Skip to content

Architecture

Source Layout

src/
├── index.ts                  # Main entry — request router + scheduled handler
├── types.ts                  # All shared TypeScript interfaces
├── lead.ts                   # Lead capture handler
├── lib/
│   ├── auth.ts               # API key authentication (Bearer + X-API-Key)
│   ├── logger.ts             # Structured JSON logger with request context
│   ├── rateLimiter.ts        # KV-backed fixed-window IP rate limiter
│   ├── validator.ts          # Input validation and XSS sanitization
│   ├── retention.ts          # R2 storage monitoring and retention cleanup
│   └── webhook.ts            # Webhook sender with retry + exponential backoff + dead letter
└── tracking/
    ├── index.ts              # Tracking router (POST /track/*)
    ├── trackerScript.ts      # Frontend JS snippet served at /tracker.js
    ├── routes/
    │   ├── trackSessionStart.ts
    │   ├── trackEvent.ts
    │   ├── trackEventsBatch.ts
    │   ├── trackSessionEnd.ts
    │   └── analytics.ts      # GET /analytics/* dashboard queries
    ├── services/
    │   ├── eventService.ts
    │   ├── sessionService.ts
    │   ├── fingerprintService.ts
    │   ├── identityService.ts
    │   ├── scoringService.ts
    │   ├── storageService.ts
    │   ├── vpnDetectionService.ts
    │   ├── analyticsService.ts      # D1 analytics queries for dashboards
    │   └── leadAnalyticsService.ts  # Lead listing/detail + linked session activity
    └── utils/
        ├── hash.ts
        ├── uuid.ts
        └── response.ts

Request Flow

Client Request

  ├─ /track/*       → rate limiter → tracking/index.ts → validator → route handler → services → D1/KV/R2
  ├─ /analytics/*   → auth.ts (API key) → analytics.ts → analyticsService/leadAnalyticsService → D1 / R2
  ├─ /tracker.js    → inline JS string response (trackerScript.ts)
  ├─ /form.js       → inline JS string response (formScript)
  ├─ /pulse.js      → combined tracker + form; PulseGate.init() defaults endpoint to script origin
  ├─ /health        → JSON health check
  └─ /lead | *      → lead.ts (legacy webhook forwarding to CRM)

Scheduled (cron 0 3 * * *)
  └─ retention.ts   → scans R2 by date prefix → deletes objects older than 90 days

Authentication

Analytics endpoints (/analytics/*) require an API key via one of two headers:

  • Authorization: Bearer <key>
  • X-API-Key: <key>

Unauthenticated requests receive 401 with WWW-Authenticate: Bearer.
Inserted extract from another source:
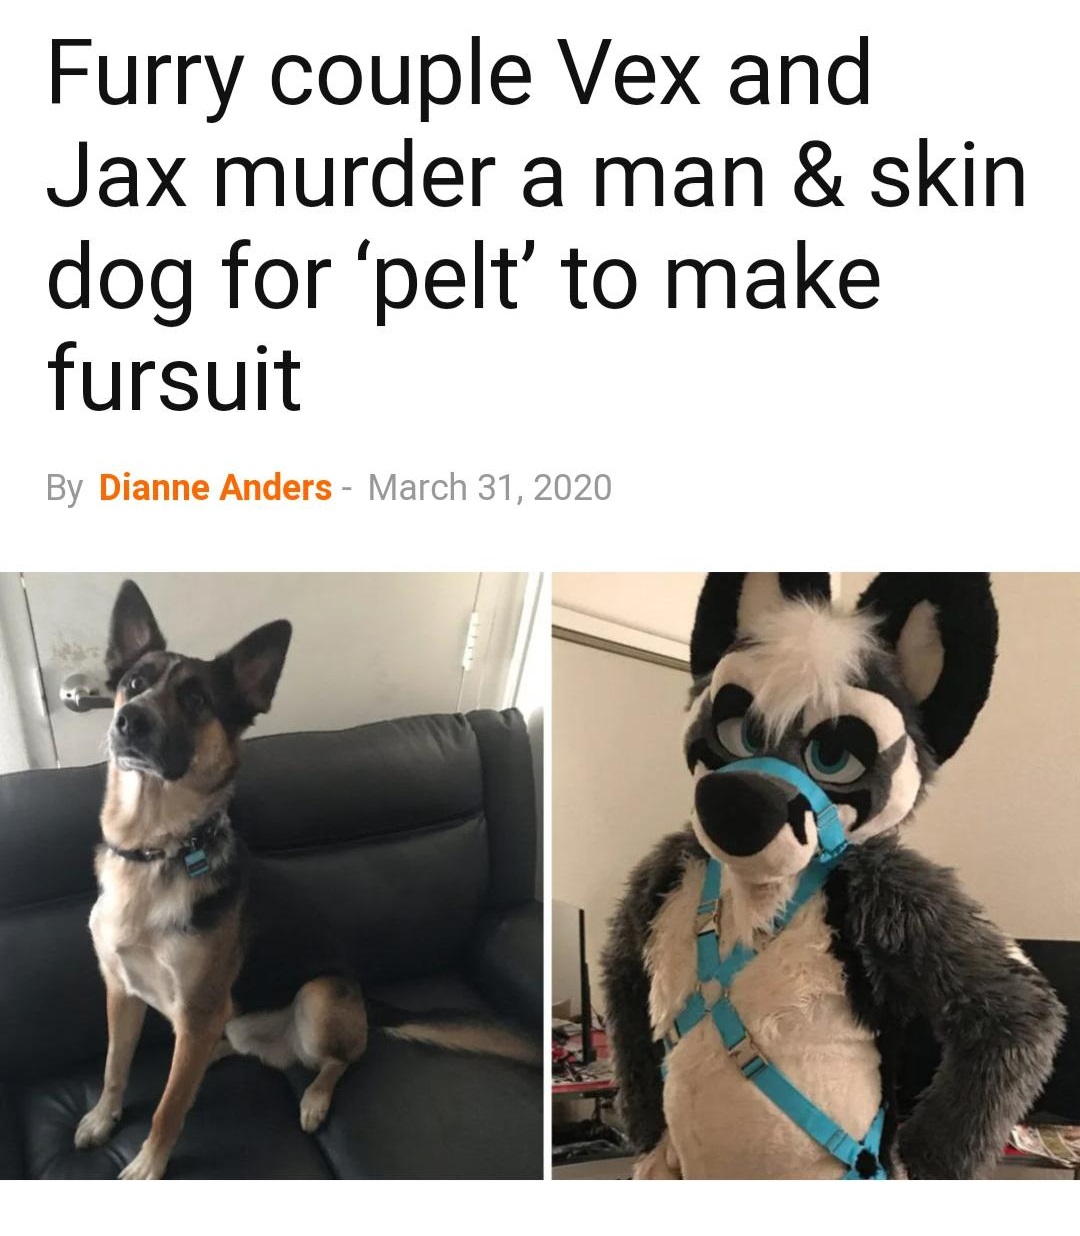 furry skins dog - Furry couple Vex and Jax murder a man & skin dog for 'pelt' to make fursuit By Dianne Anders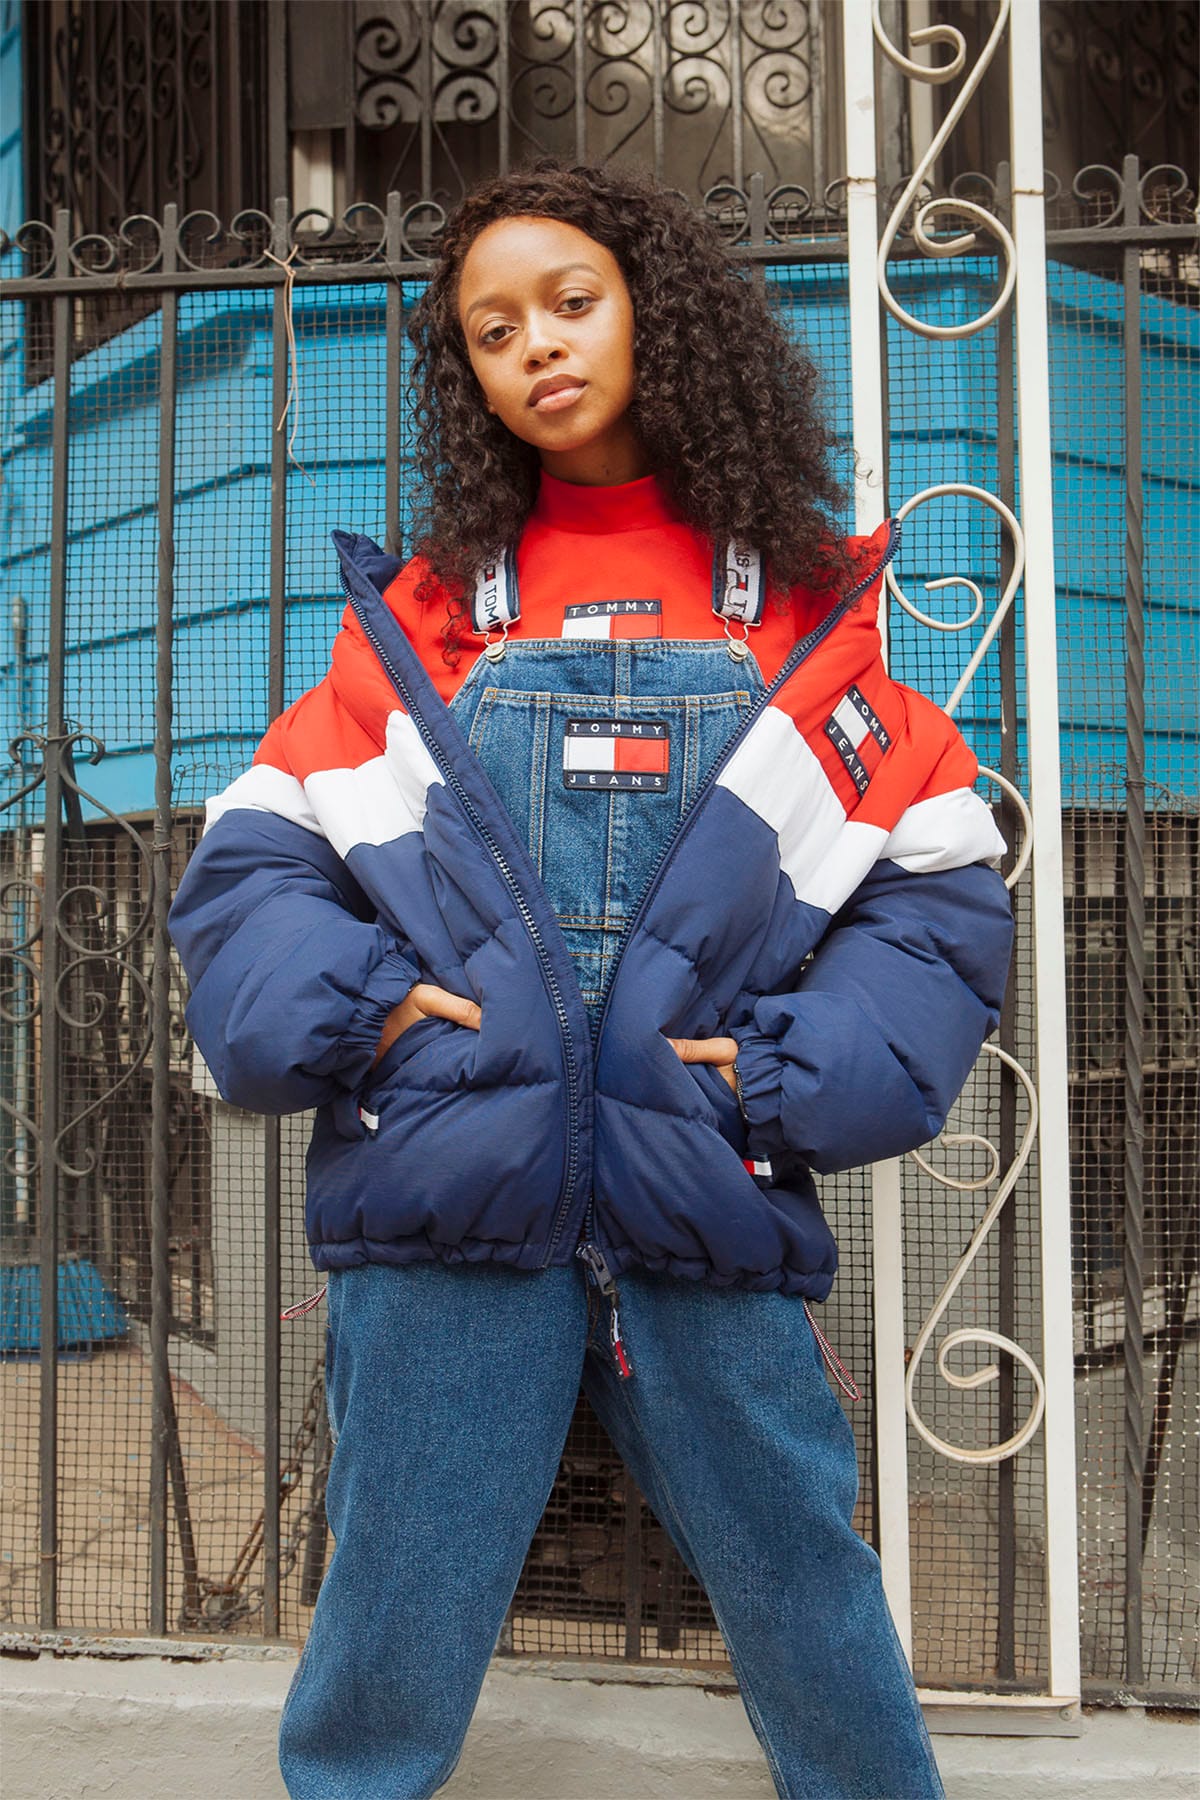 90s tommy hilfiger outfits

CORS preflight (OPTIONS) passes without authentication.

The API key is configured as:

  • Development/test: ANALYTICS_API_KEY var in wrangler.toml
  • Production: wrangler secret put ANALYTICS_API_KEY

Cloudflare Bindings

BindingTypePurpose
DBD1Persistent storage for leads + tracking data
TRACKING_KVKVReal-time counters (fingerprints, IPs, sessions)
TRACKING_R2R2Raw session replay data and event logs
ANALYTICS_API_KEYSecretAPI key for analytics endpoint authentication

Storage Strategy

StoreDataAccess Pattern
D1Sessions, events, fingerprints, identity networkPersistent queries
KVRate counters, IP/ASN tracking, session velocityLow-latency reads/writes with 24h TTL
R2Raw event logs per sessionAppend-only writes, prefix list for retrieval

R2 Key Layout

sessions/
  YYYY/MM/DD/
    {session_id}/
      meta.json                          # Session metadata (written once)
      events/
        {timestamp}-{event_id}.json      # One file per event/batch (append-only)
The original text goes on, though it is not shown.